I thought I’d help a friend learn some basic Unix command line (although pretty comprehensive for this type of work) with some practical graded exercises using MorphGNT. It worked out well so I thought I’d share in case they are useful to others.
The point here is not to actually teach how to use bash
or commands like grep
, awk
, cut
, sort
, uniq
, head
or wc
but rather to motivate their use in a gradual fashion with real use cases and to structure what to actually look up when learning how to use them.
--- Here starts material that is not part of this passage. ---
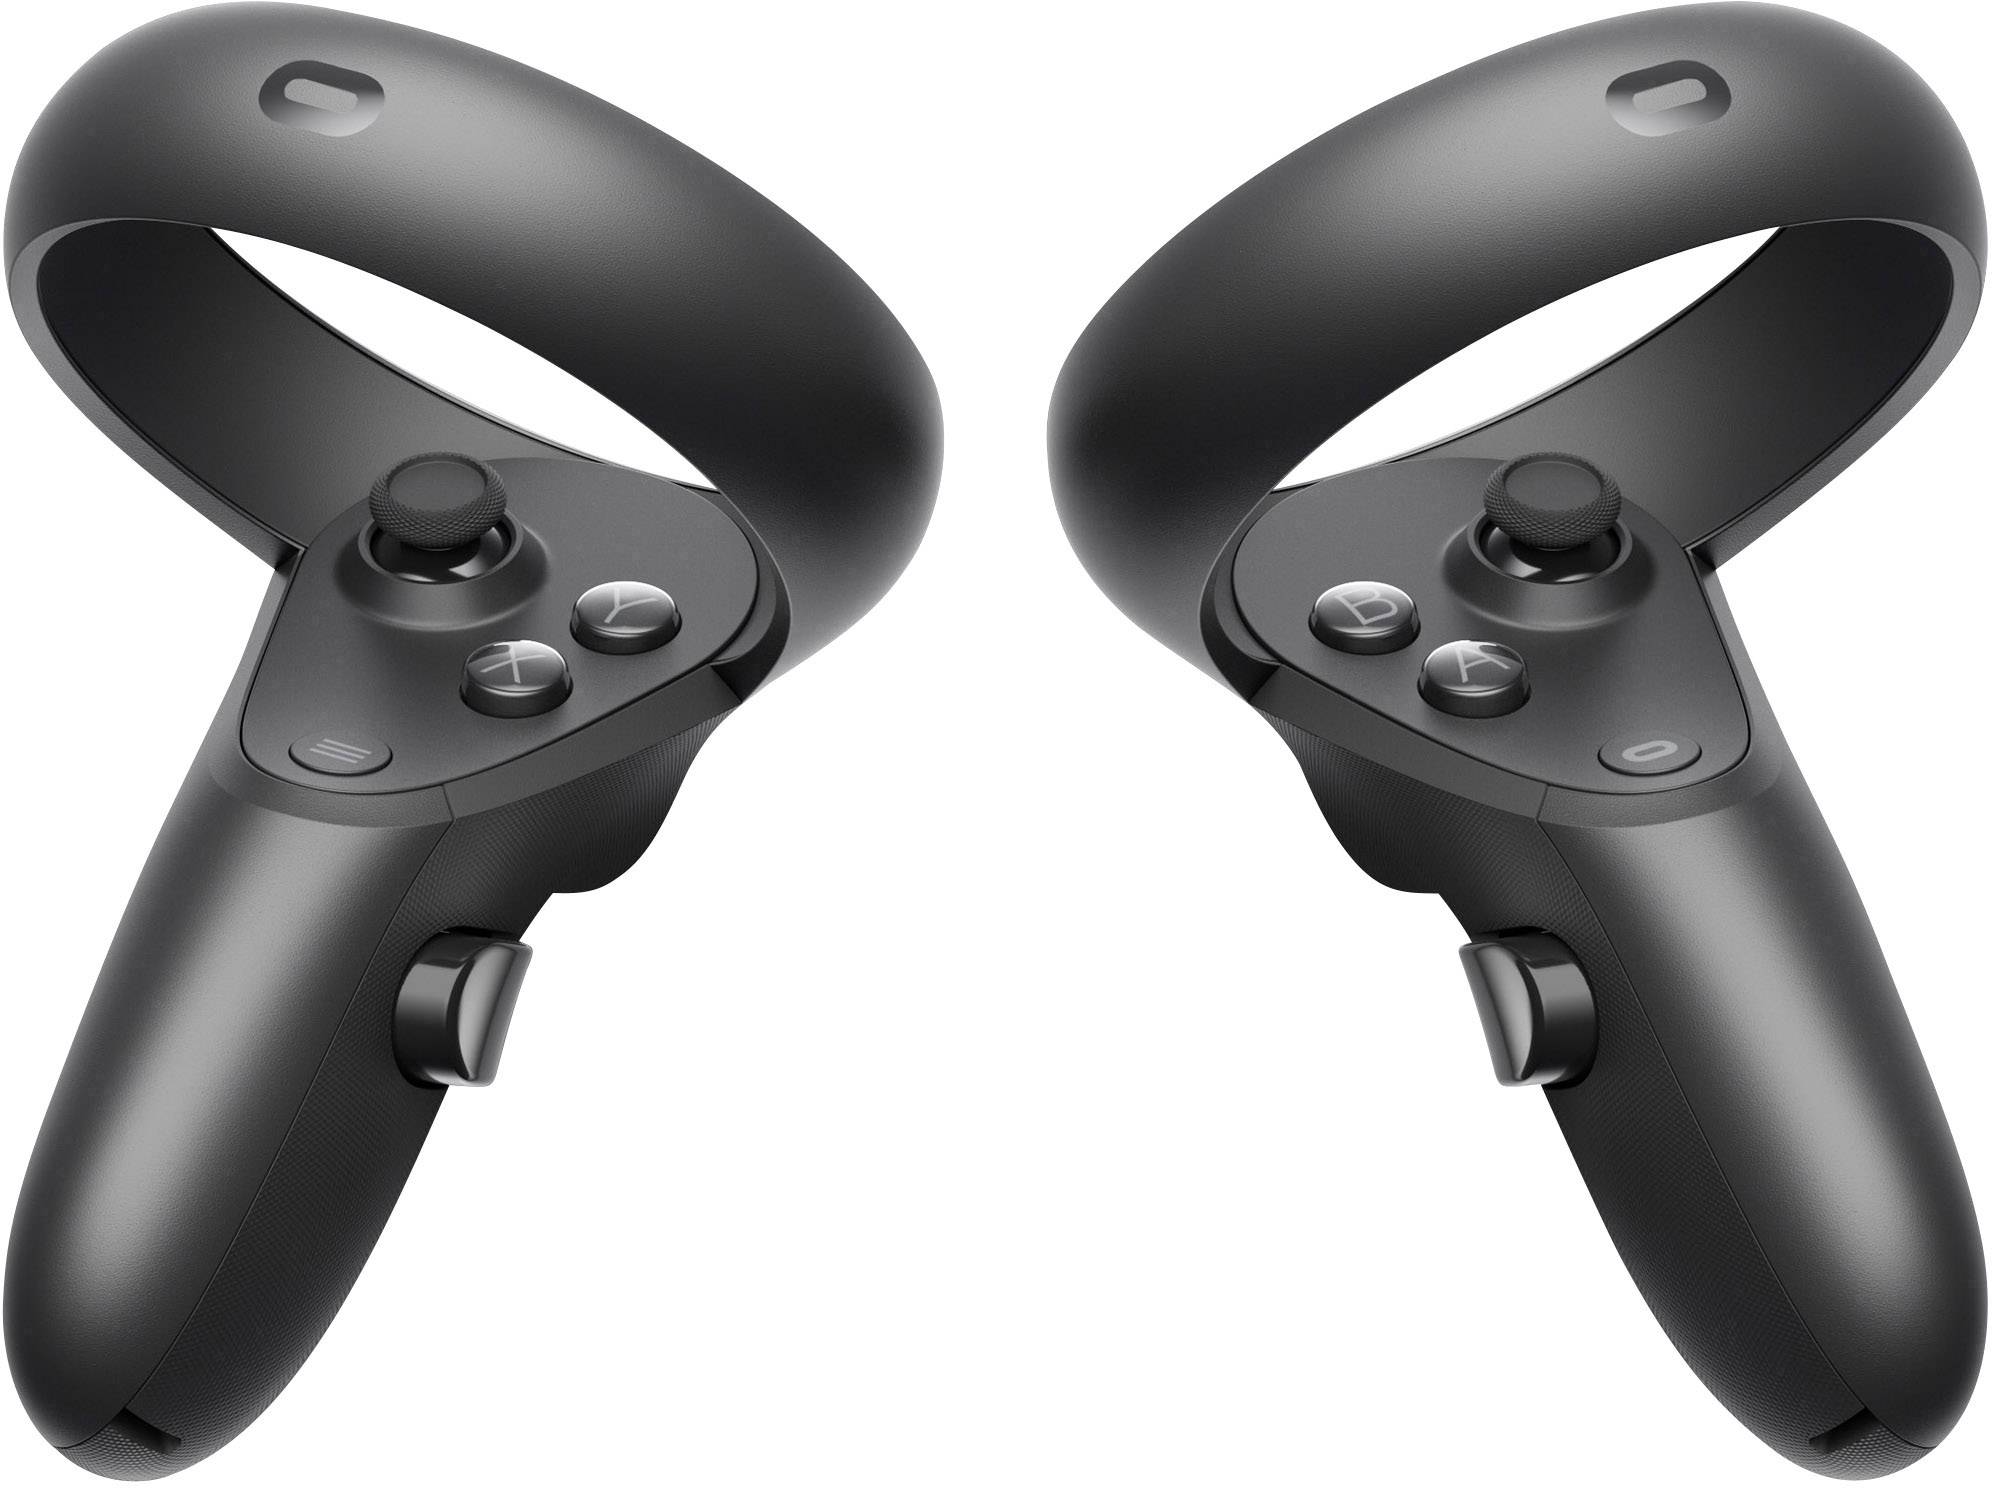 Vr touch. VR контроллеры Oculus Touch. VR очки Oculus Rift s. Oculus Rift s контроллеры. Oculus Touch (контроллеры для Oculus Rift cv1 + сенсор).

This little set of commands has served me well for over twenty years working with MorphGNT in its various iterations (although I obviously switch to Python for anything more complex).
Task 0
Clone https://github.com/morphgnt/sblgnt in git.
Task 1
Using wc
and the concept of wildcards/globbing (and relying on the fact I have one line-per-word in those files) work out how many words are in the main text of SBLGNT.
Task 2
Using grep
and wc
work out how many times μονογενής appears. (You might be able to do it with just grep
and appropriate options, but try using grep
without options and wc
and understand the concept of “piping” the output of one command to the input of another)
Task 3
How many verbs (tokens) are there in John’s gospel? (still doable just with grep
and wc
)
Task 4
How many unique verbs (lemmas) are there in John’s gospel?
(learn how to use awk
to extract fields, and how to use sort
and uniq
in tandem)
Task 5
What are the 5 most common verbs (lemmas) in John’s gospel? (you might want to use head
)
Task 6
Get counts in John’s Gospel of how many tokens appear in each tense/aspect (hint: use cut
) and write the results to a file called john.txt
rather than just output it in the terminal.
Task 7
Come up with your own question that you think could be answered using the types of operations and try it out.